Tax Forms Required for Filing Taxes for an S Corp

What tax forms do I need to file for an S corp?
Use Form 1120-S to report the income, gains, losses, deductions, credits, etc., of a domestic corporation or other entity for any tax year covered by an election to be an S corporation.
Read more on www.irs.gov

A sort of corporation that is taxed differently from a typical corporation is a S corporation, also referred to as a S corp. The S corp is a pass-through corporation, meaning that the profits and losses of the business are passed on to the shareholders’ individual tax returns. You must submit particular tax documents in order to abide by Internal Revenue Service (IRS) rules if you are the owner of a S corp.

Documents Needed for S Corporation Tax Filing

The U.S. Income Tax Return for a S Corporation, often known as Form 1120S, is the main tax form needed to file taxes for a S corporation. The company’s income, deductions, profits, losses, and credits are reported on this form. Each year, the Form 1120S is due on March 15th; if it is not submitted by this date, the corporation risked fines.

The S corp is required to submit a Schedule K-1 for each shareholder together with the Form 1120S. Each shareholder’s portion of the company’s income, deductions, and credits are disclosed on Schedule K-1. The information from the Schedule K-1 must be included by shareholders on their individual tax returns. By March 15th, the S corp must deliver copies of each shareholder’s Schedule K-1.

S Corporations and Self Employment

For tax purposes, you are not regarded as self-employed if you own a S corp.
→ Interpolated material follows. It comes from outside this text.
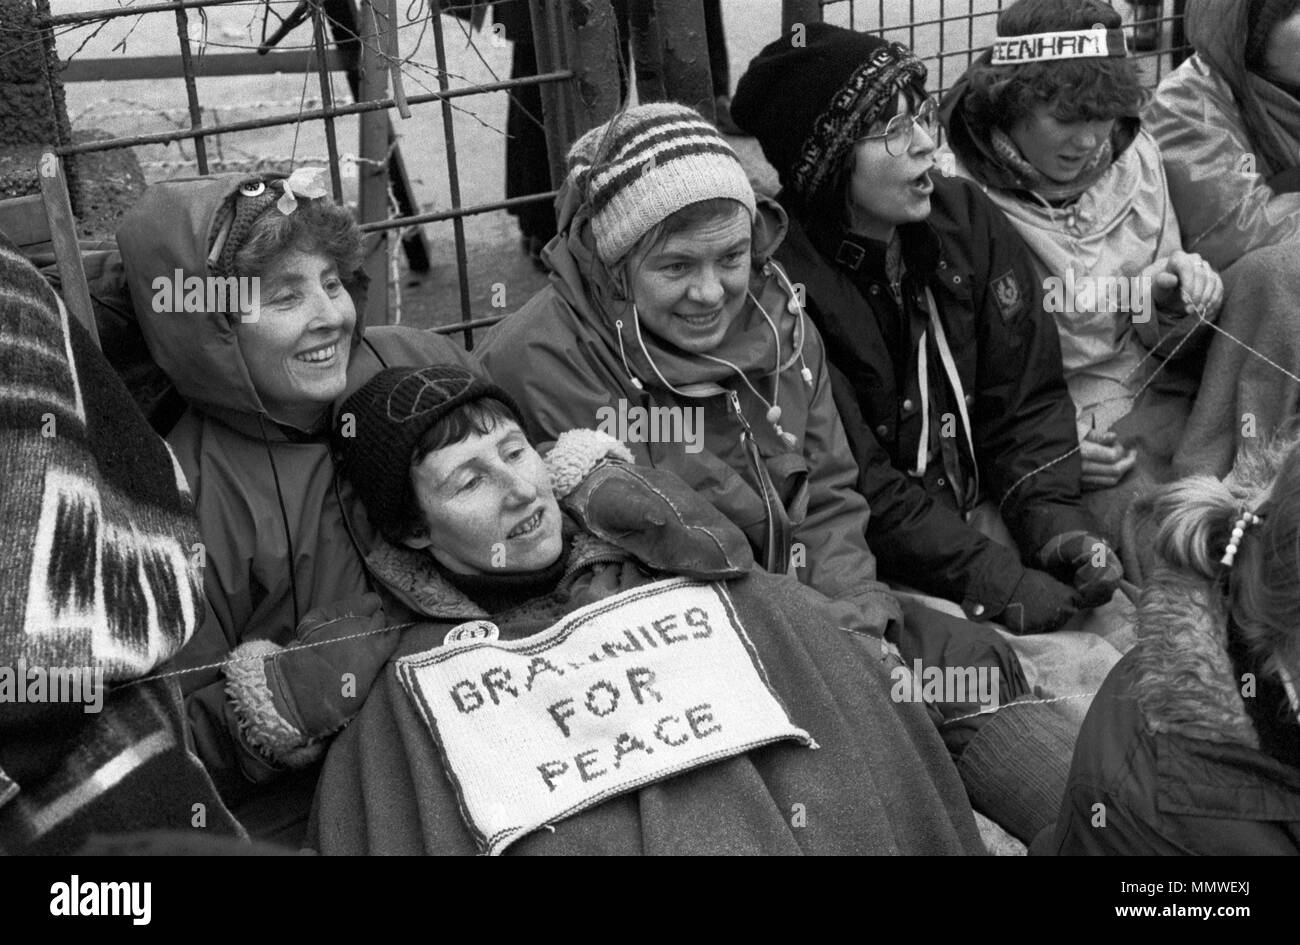 Greenham Common Frauen Friedenscamp. Omas für Frieden, ältere Frauen sitzen Protest 1985, 1980 s UK HOMER SYKES Stockbild

Instead, since you work for the corporation, you must be paid a fair wage for the tasks you complete. Payroll taxes, such as Social Security and Medicare taxes, are due on the salary. Payroll taxes are not applied on the company’s leftover profits, which are given as dividends to the shareholders. Dividends and S Corporation

The tax treatment of dividends from a S corp and pay is different. The capital gains tax rate, which is often lower than the individual’s ordinary income tax rate, is applied to dividends. Shareholders, however, are obligated to report the dividends on their individual tax filings and pay any related taxes. S Corp Income and Distributions

S corporation distributions are not taxable as income. Instead, they represent a return on the investment made by the shareholder in the business. The corporation deducts the shareholder’s stock, accrued profits, and earnings when they get a payout. Although the distribution is not taxed when it is received, it may have an impact on the shareholder’s tax obligations if they decide to sell their stock.

In conclusion, if you are the owner of a S corporation, you must submit Form 1120S and give a Schedule K-1 to each shareholder. You must be paid a fair wage for the work you do even if you don’t perceive yourself to be working for yourself. S corp distributions are not treated as income for tax reasons, and dividends from a S corp are taxed differently from salaries. To guarantee compliance with all IRS rules, it is advised to speak with a tax expert.

FAQ
Accordingly, does colorado require an annual report?

Yes, S Corps must submit an annual report to the Secretary of State’s office in Colorado. Every year, the report is due on the final day of the corporation’s anniversary month. If it is not filed, the corporation risked being dissolved or losing its good standing.